Most compound microscopes can magnify by 10, 20, 40, or 100 times, though professional ones can
magnify by 1000 times or more. For greater magnification than this, scientists generally use
electron microscopes.
So what does a microscope actually do? Imagine a fly sitting on the table in front of you. The big, fat, compound eye on the front of its head is just a few millimeters across, but it's made up of around
6000 tiny segments, each one a tiny, functioning eye in miniature. To
see a fly's eye in detail, our own eyes would need to be able to process
details that are millimeters divided into thousands—millionths of a
meter (or microns, as they're usually called). Your eyes may be good,
but they're not that good. To study a fly's eye really well, you'd
need it to be maybe 10-100 cm (4-40 in) across: the sort of size
it would be in a nice big photo. That's the job a
microscope does. Using very precisely made glass lenses, it takes the
minutely separated light rays coming from something tiny (like a fly's eye) and spreads
them apart so they appear to be coming
from a much bigger object.
Photo: Most microscopes have several different objective lenses that turn around on a thumb-wheel to give different levels of magnification. Going from right to left, the lenses you can see here magnify by twenty times (20x), forty times (40x), and a hundred times (100x). Photo by Stephen Ausmus courtesy of
US Department of Agriculture: Agricultural Research Service (USDA-ARS).

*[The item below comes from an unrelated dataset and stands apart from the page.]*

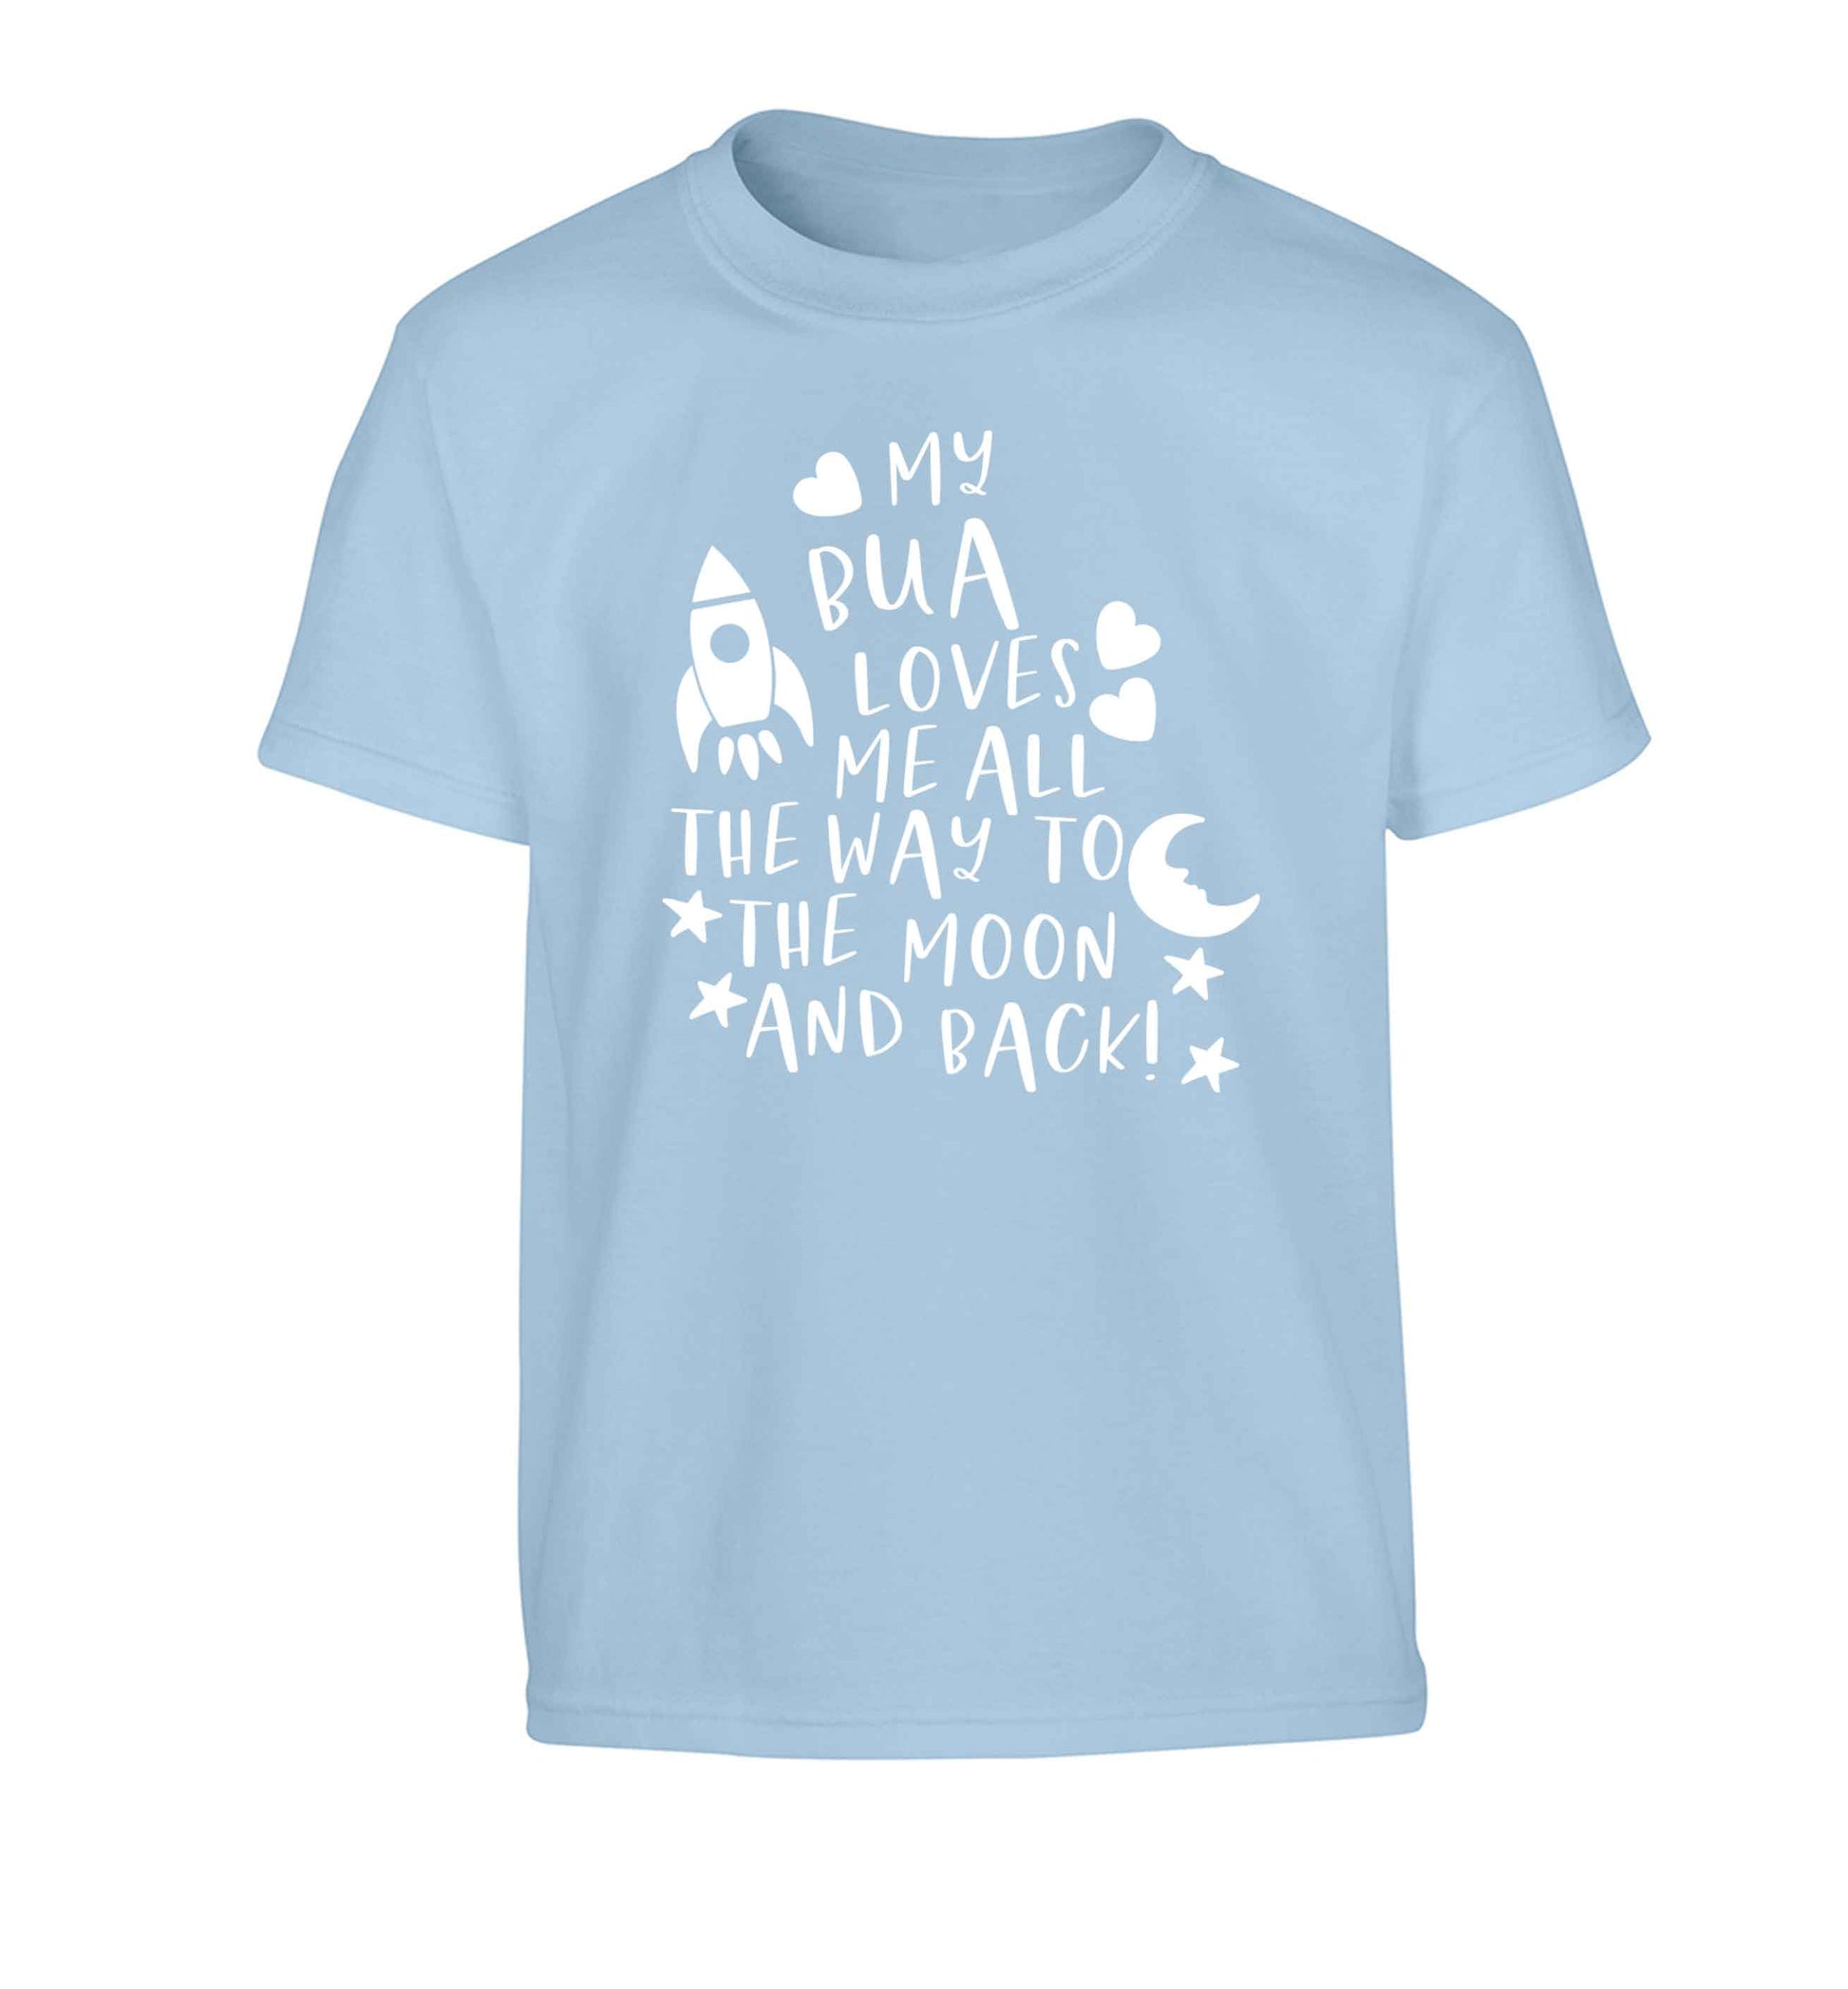 My bua loves me all they way to the moon and back Children's light blue Tshirt 12-13 Years

What are electron microscopes?

Even the best microscopes have their limits: they can't magnify
more than a few thousand times. Why? One way of understanding light is
to say that it's made up of energetic particles called photons,
effectively about 200 times thinner than a human hair. But what if we
want to look at things smaller than this? In that case, we can't use
light: we have to use smaller particles instead—namely electrons,
the tiny negatively charged particles that whizz around inside
atoms. Microscopes that work in this way are called
electron microscopes.
Photo: Ordinary microscopes are "powered" by light. When light shines on the specimen at the bottom, it travels straight through or reflects off the surface, passing up through the lenses into the eyepiece. Microscopes that use light are called optical microscopes to distinguish them from electron microscopes. Photo by Peggy Greb courtesy of
US Department of Agriculture: Agricultural Research Service (USDA-ARS).